EU-Parlament zur Wasserversorgung Regeln, aber kein Zwang zur Privatisierung
Der Binnenmarktausschuss des EU-Parlaments befürwortet einheitliche Regeln für die Trinkwasserversorgung. Aber Kommunen sollen weiterhin entscheiden können, ob sie die Wasserversorgung privatisieren wollen. Und es soll eine Übergangsfrist bis 2020 geben.
Von Cai Rienäcker, SWR-Hörfunkstudio Brüssel
Bei ihrer Ausschusssitzung hatten es die Europaparlamentarier wie so oft mit einer unübersichtlichen Vielzahl von Änderungsanträgen zu tun. Noch bis kurz vor der Abstimmung wurde versucht, den Druck aus der öffentlichen Diskussion ums Trinkwasser zu nehmen. Die SPD-Europaabgeordnete Evelyne Gebhardt ist sich jetzt sicher, dass die EU keine Kommune in Deutschland dazu zwingen kann, ihre Wasserversorgung zu verkaufen: "Wir haben ganz klar in das Gesetz hineingeschrieben, dass die Entscheidung Sache der Mitgliedsstaaten ist. In Deutschland sind damit eher die lokalen Behörden, also die Stadtwerke, die Städte, die Gemeinderäte gemeint."
Ausschreibungspflicht erst ab 2020
Bei der geplanten Richtlinie der EU geht es nur um die Gemeinden und Städte, die ihre Wasserversorgung bereits privatisiert haben oder dies in Zukunft wollen. Für solche Fälle nachvollziehbare öffentliche Regeln zu haben, ist nach Meinung der Europaabgeordneten Gebhardt auch sinnvoll: "Wir müssen verhindern, dass im Hintergrund gemauschelt wird. Wir müssen die Qualität des Wassers sicherstellen, aber auch die Arbeitsbedingungen in den Versorgungsunternehmen."

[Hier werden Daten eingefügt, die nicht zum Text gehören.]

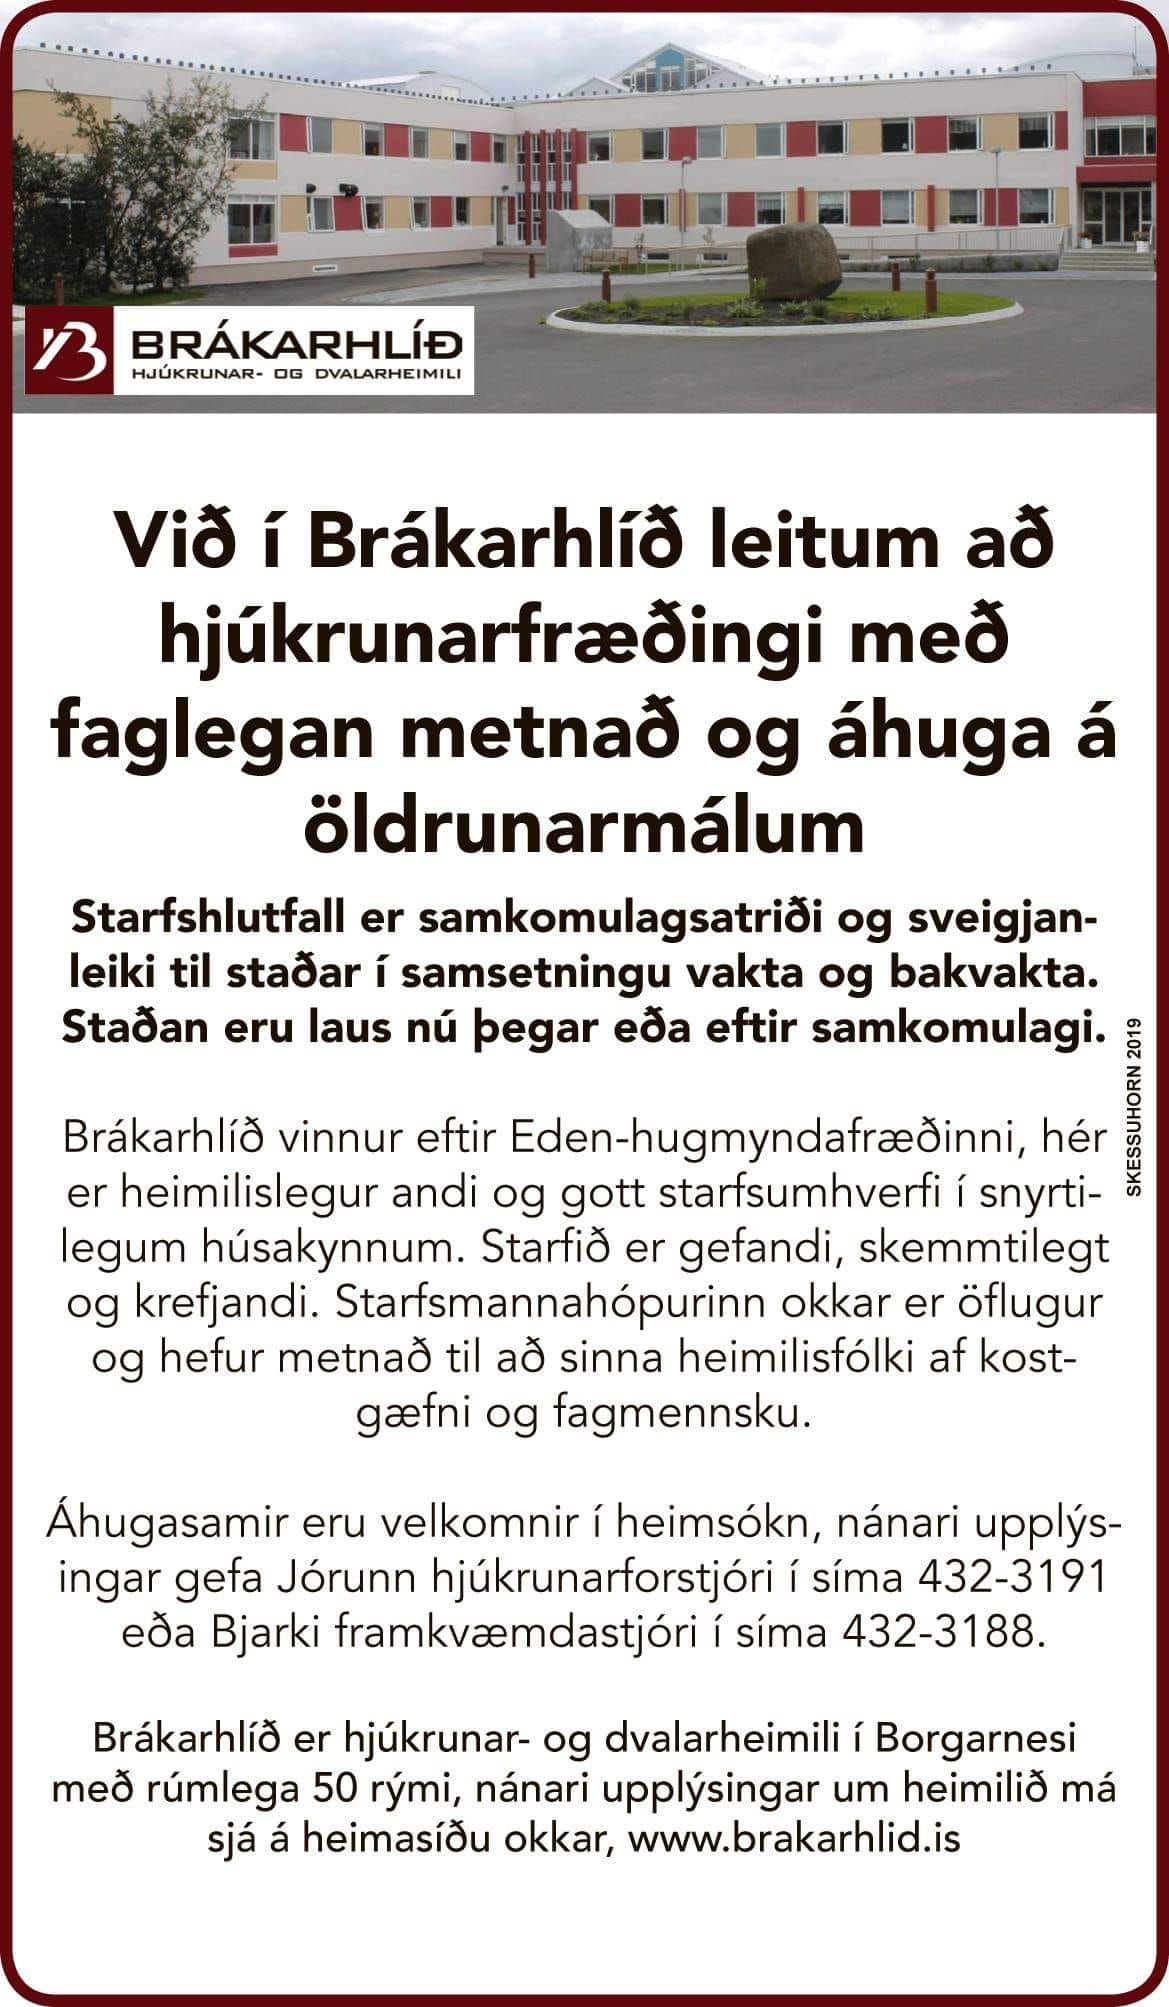 Kæru vinir, í Skessuhorni vikunnar er starfsauglýsing frá okkur í Brákarhlíð sem...

Es soll also einheitliche europäische Regeln geben für den Fall, dass Gemeinden ihre Wasserversorgung vollkommen oder teilweise privat organisieren. Wird mehr als ein Fünftel des Geschäfts außerhalb der eigenen Kommune erbracht und ist der Vertragswert höher als acht Millionen Euro, dann muss künftig öffentlich nach EU-Regeln ausgeschrieben werden. Aber auch das nicht sofort: "Es wird eine Übergangsregelung geben", erläutert Heide Rühle, EU-Abgeordnete der Grünen: "Wenn sich der Ausschussentwurf durchsetzt, haben die Stadtwerke bis 2020 Zeit, die Richtlinie umzusetzen."
Kommunen wollen EU-Gesetz verhindern
Vor allem große Stadtwerke werden bis dahin sicherstellen müssen, dass ihr Wassergeschäft klar von privatisierten Sparten getrennt ist und 80 Prozent des Geschäfts vor Ort betrieben wird. Wenn neben dem Wasser auch Strom und Gas unter dem Dach der Stadtwerke vertrieben werden, wird das schwierig. "Energie hat meistens den zwei- bis dreifachen Umsatz des Wassers", sagt Rühle: "Und der Energiemarkt lässt sich nicht regional isolieren. Deshalb ist die 80-Prozent-Regelung völlig irreal."
Deshalb befürchten viele Kritiker, einige Städte oder kommunale Zweckverbände könnten schließlich doch gezwungen sein, ihre Wasserversorgung öffentlich auszuschreiben - eine Privatisierung durch die Hintertür. Die deutschen Kommunalverbände wollen die EU-Pläne deshalb noch stoppen. Bayerns Innenminister Joachim Herrmann (CSU) forderte Bundeskanzlerin Merkel auf, die Trinkwasserversorgung zur Chefsache zu machen.